— Я дэви, Норман, помнишь меня? Я унесу тебя в небеса и ты забудешь обо всем на свете. Иди же скорей, иди! Я хочу тебя, Норман.
По-видимому, Норман, как и прочие, не особенно спешил в ее объятия. Уговоры сменились недвусмысленными угрозами.
— Импотент, идиот несчастный! Я так скручу тебя, что взвоешь! Ни одна баба больше не ляжет с тобой. Беги домой, дурачок, увидишь, как тебя встретят! Твоя истеричка жена узнает, наконец, как жить с мерином. Ты нуль без меня, букашка. Можешь узел завязать на своей поливалке. Для тебя все кончено, Норман. Ты понял, вонючка?
И Норман, и Малькольм, и десятки других, кого она тщетно призывала, могли оказаться на самом деле приличными людьми. Чего только не привидится в такой-то горячке. И психический сдвиг налицо. От хорошей жизни не ходят по крышам. Но Моркрофта не оставляло убеждение, ничем по сути не подкрепленное, что бредовое состояние Пат является прямым, пусть несколько и искаженным, отражением объективной действительности.
В хэппинингах О'Треди, о которых он узнал из расспросов, было намного больше бессмыслия, нежели в сумбурных выплесках нимфоманки, одержимой видениями.

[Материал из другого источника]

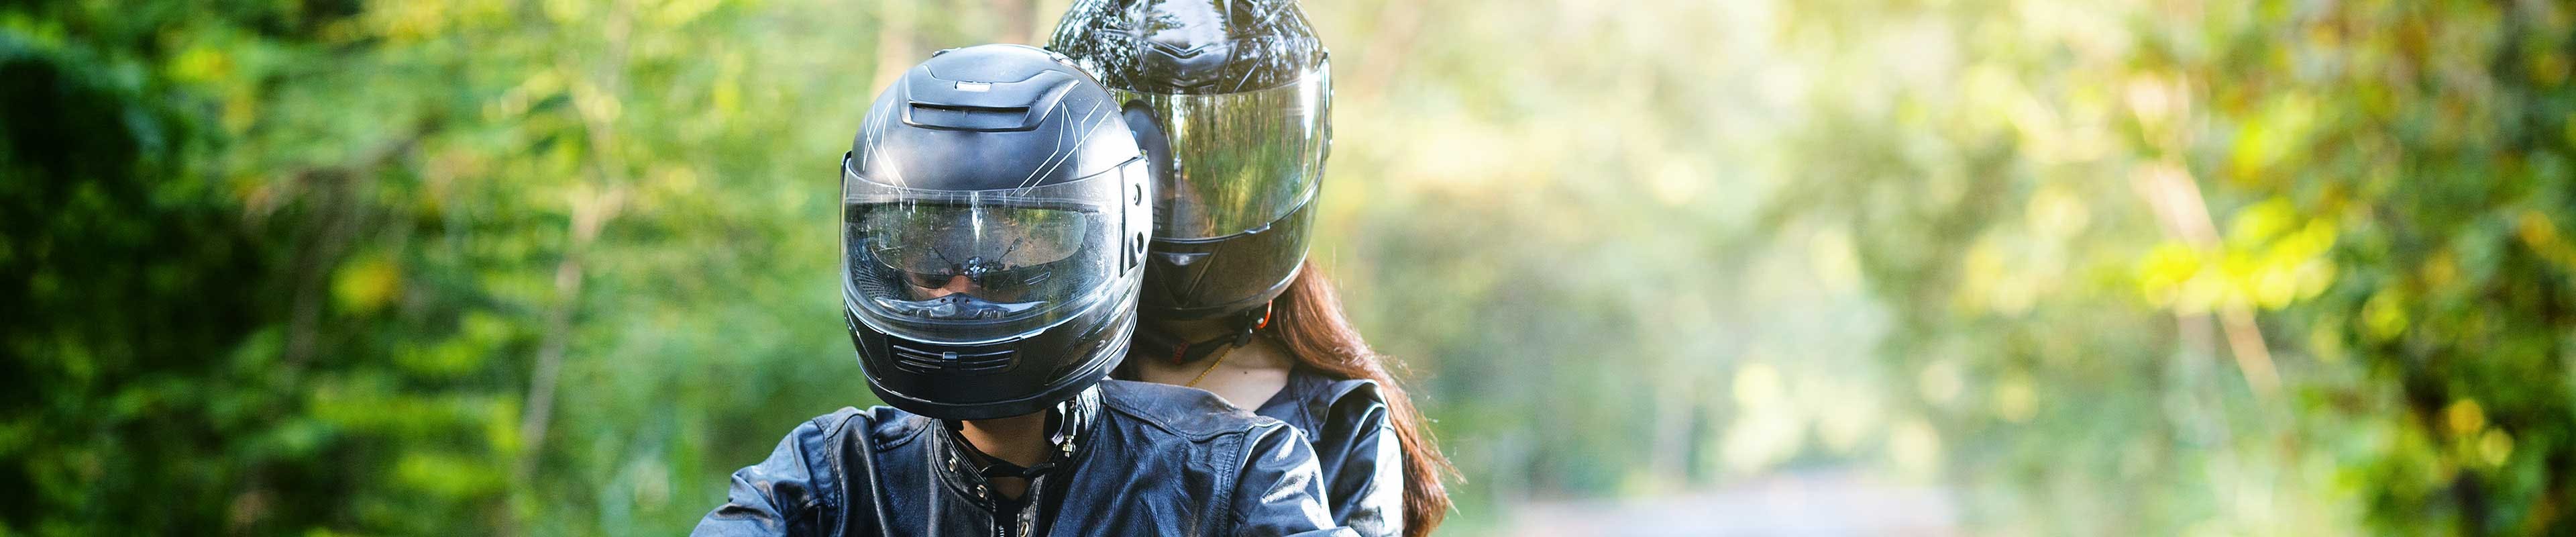 Couple riding motorcycle while wearing helmets

В них, как сказал бы Гамлет, присутствовала система.
С восходом солнца жар несколько спал, но распятая на кроватной раме Патриция продолжала метаться. Устав бороться со сном, Моркрофт, поменяв уже третью кассету, незаметно задремал, но и во сне видел себя сидящим возле капельницы у изголовья.
Исходившие от больной голоса больше не достигали его сознания, но их жадно впитывало недреманное око внутри, равно открытое звуку, цвету и запаху, и рассовывало по тайным ящичкам незримой картотеки.
Пробудился он с надсадно бьющимся сердцем от луча, бившего прямо в глаза сквозь жалюзи. Не сразу сообразил, где он и что с ним.
Патриция успокоилась, с лица ее схлынула воспаленная краска, запекшиеся губы едва шевелились. Она все еще говорила, но уже от себя самой и едва слышно. Чуждые голоса угомонились.
— Как удивительная сила, как присущая ей энергия тепла и света, как мощная вибрация танца жизни, как природа, из чрева которой выходят иллюзии, Майя есть великая шакти, мать творения, содержащая в себе самой первобытный зародыш, изначальное яйцо, объемлющее всю Вселенную, совокупную мысле-форму отца — сознания, проявляемую через посредство иллюзорной материи в качестве видимостей. Через посредство бесчисленных мириадов глаз и органов чувств созданий, через посредство бесчисленных мириадов микрокосмов…
Напряженно вслушиваясь в завораживающее бормотание, Моркрофт впитывал в себя безумие, воплощенное в слове и ритме, и ничего не понимал. Ясно одно: американская девчонка не может знать таких слов — «мысле-форма»! — и помнить не может этой велеречивой белиберды, напоминающей то ли молитву, то ли верлибр[13] свихнувшегося поэта. Но что-то грозное было в заунывном напеве: сила, мощь, какое-то колдовство, притягивающее и отталкивающее одновременно.